*Task goal*
Return the lines below exactly, from the first line to the line that contains "Feminilove Organic Moisturizing". Leave out pictures.

*Dataset section*
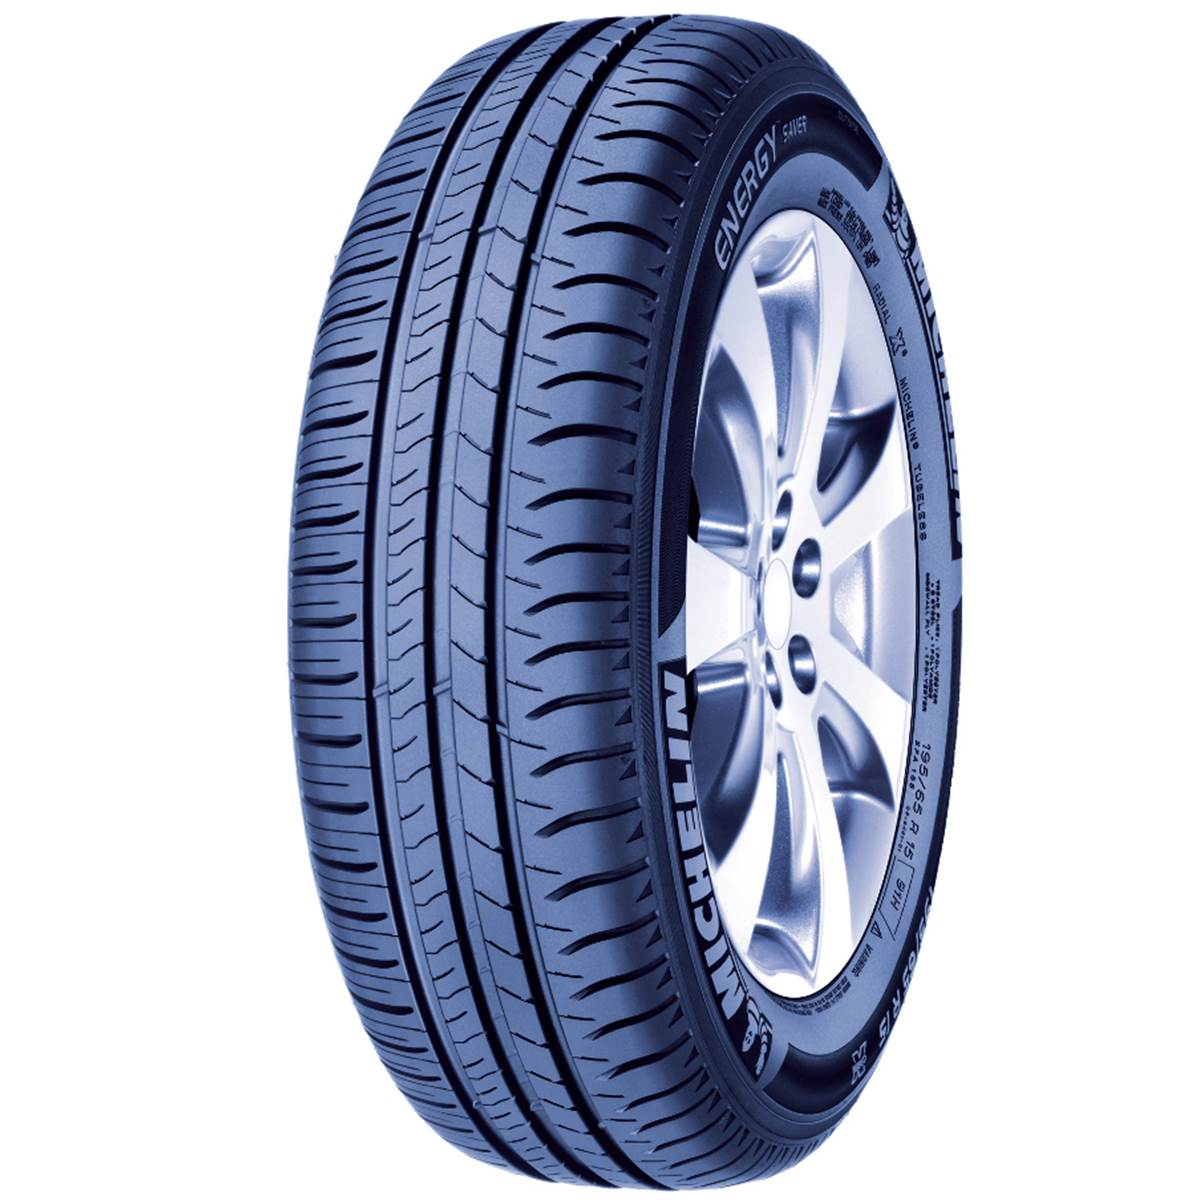 Pneu Michelin 185/60R15 84H ENERGY SAVER
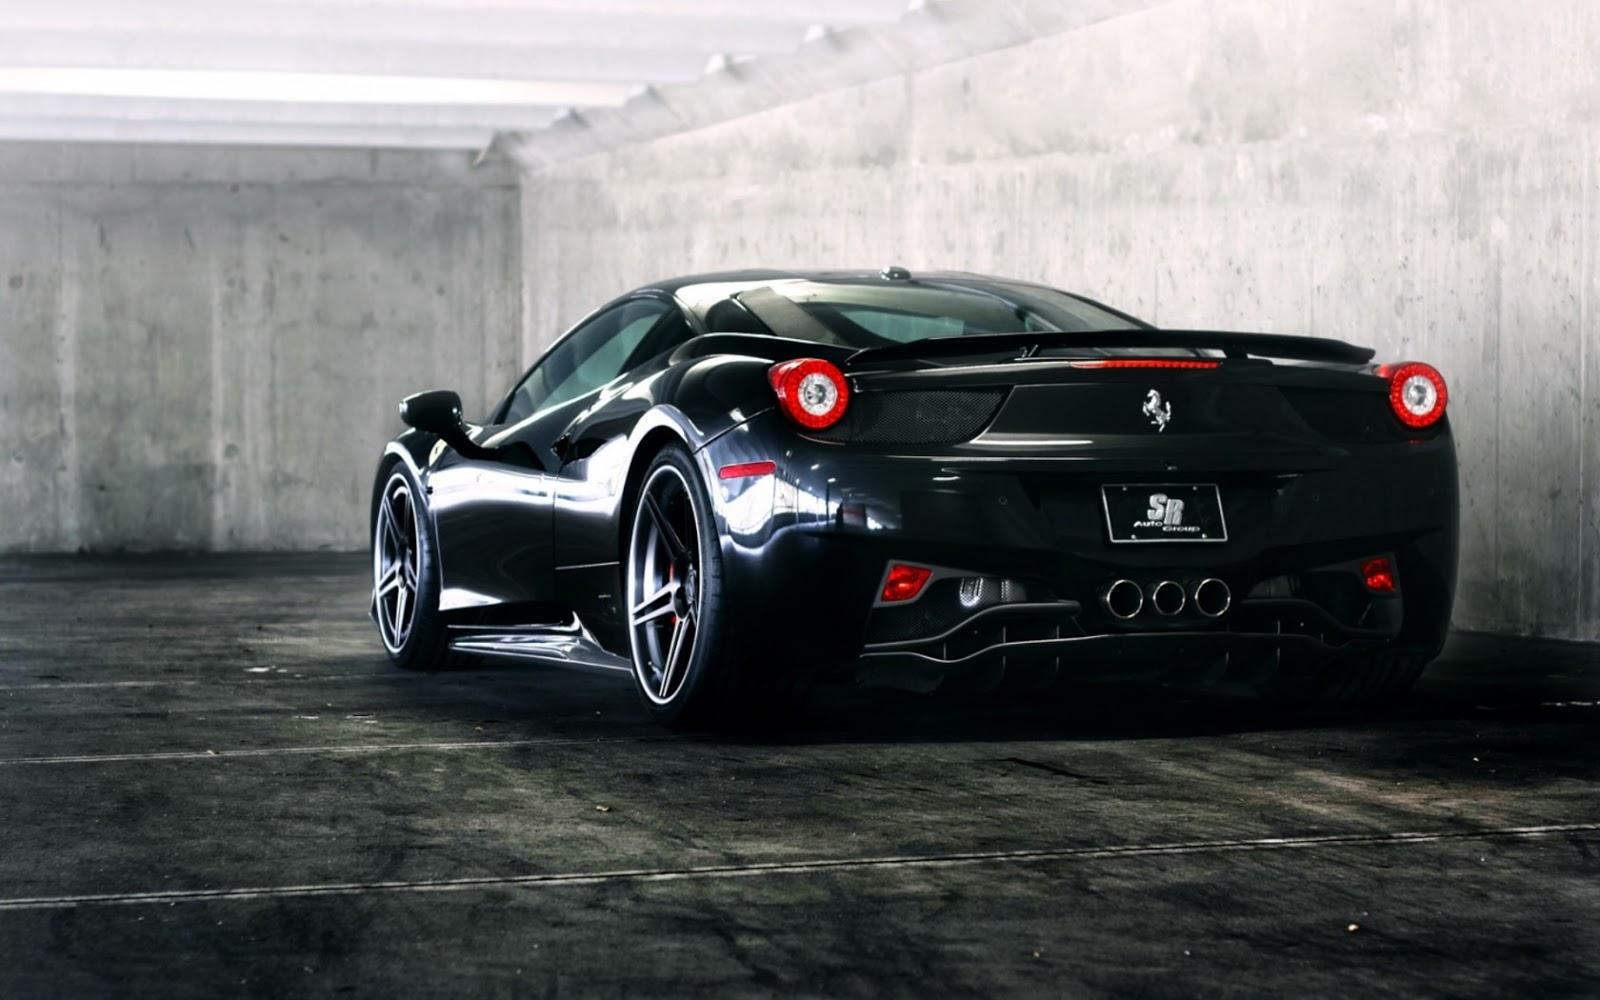 http://4.bp.blogspot.com/-OYweKQCkVk8/UQPkMkcjtXI/AAAAAAAAAoI/W_RHC-BTntg/s1600/Ferrari+458+Italia+Wallpaper.jpg
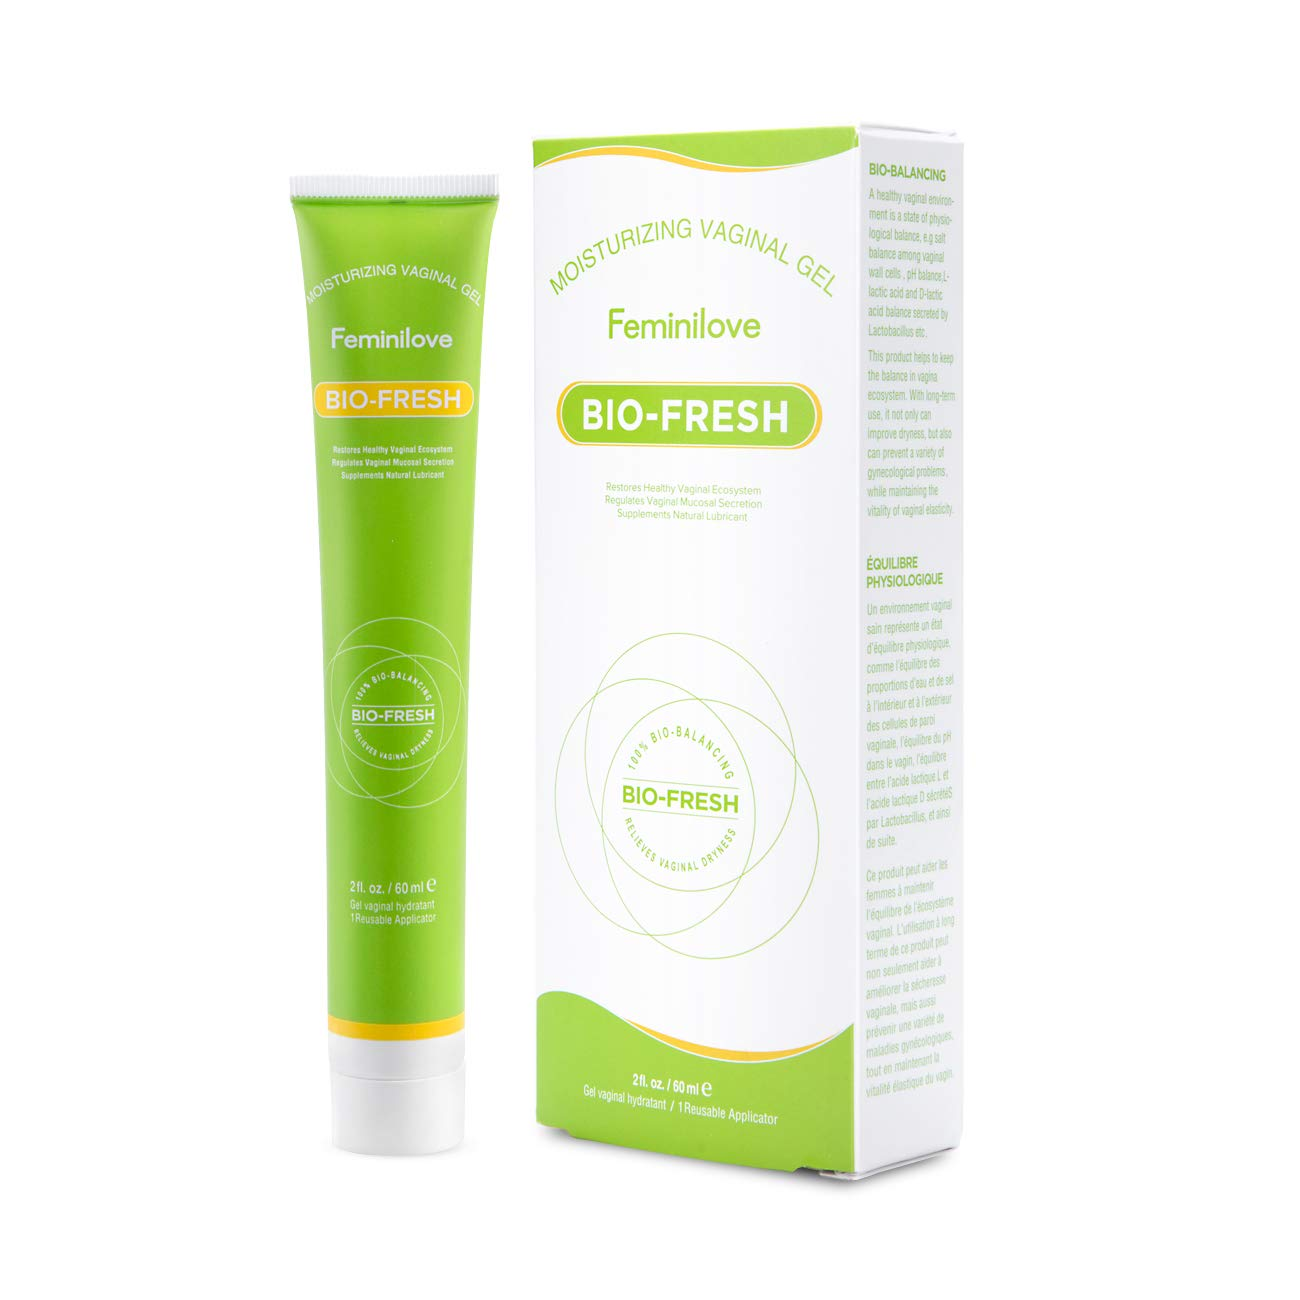 Feminilove Organic Moisturizing Certified Vaginal 通信販売 Gel 海外
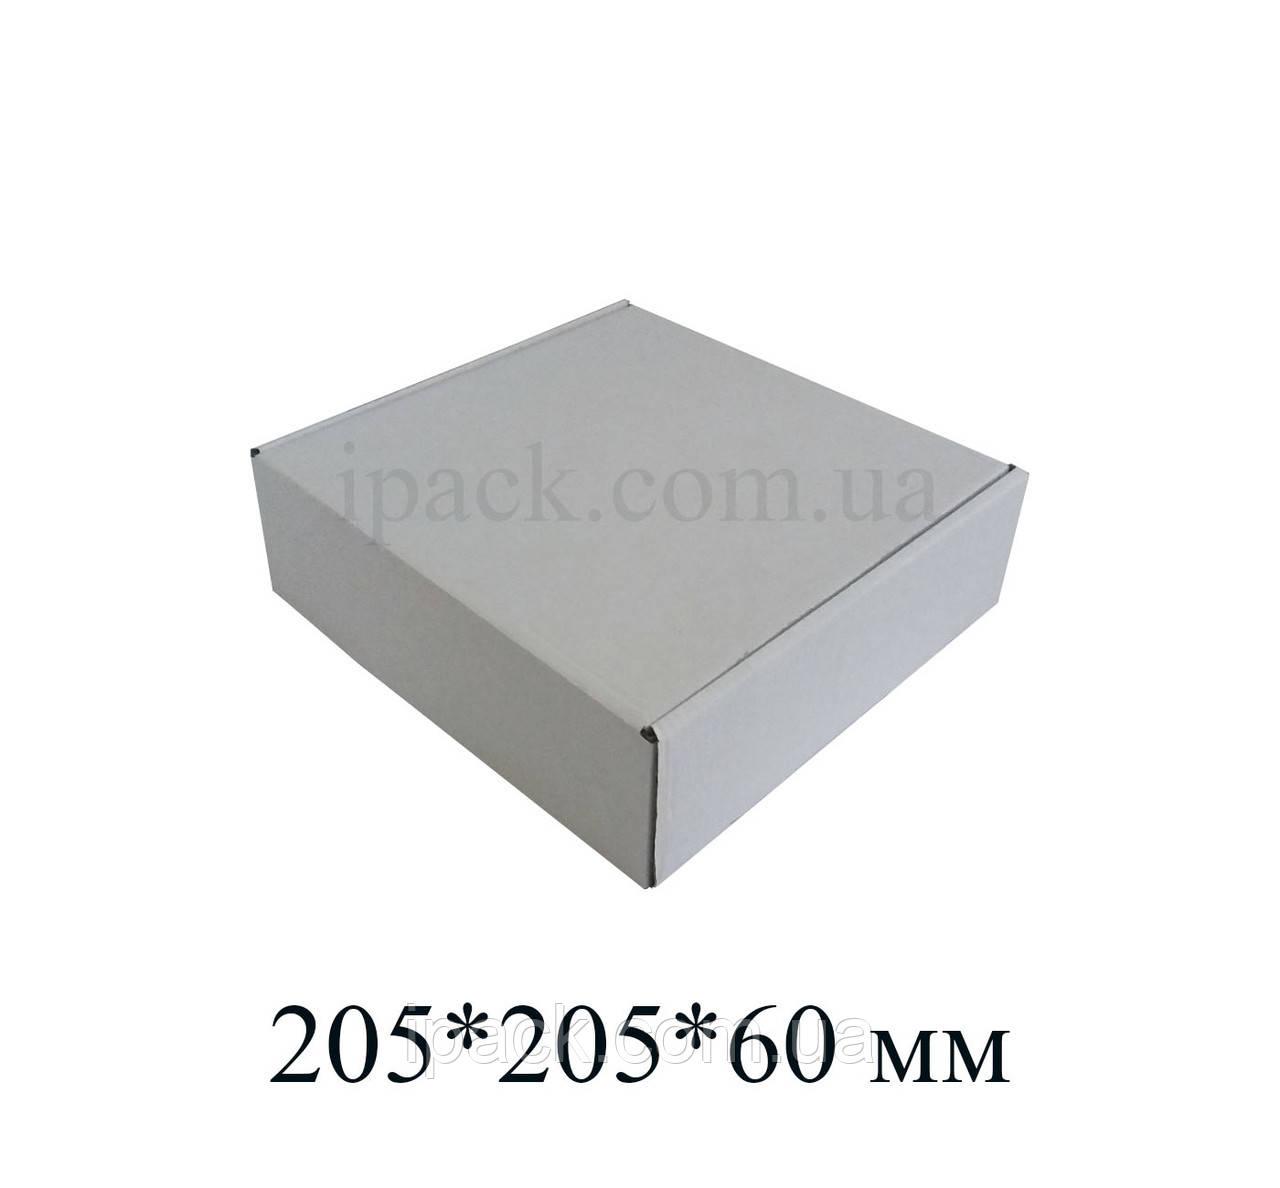 Коробка картонная самосборная, 205*205*60, мм, белая, микрогофрокартон

*Result for this task*
 Pneu Michelin 185/60R15 84H ENERGY SAVER
 http://4.bp.blogspot.com/-OYweKQCkVk8/UQPkMkcjtXI/AAAAAAAAAoI/W_RHC-BTntg/s1600/Ferrari+458+Italia+Wallpaper.jpg
 Feminilove Organic Moisturizing Certified Vaginal 通信販売 Gel 海外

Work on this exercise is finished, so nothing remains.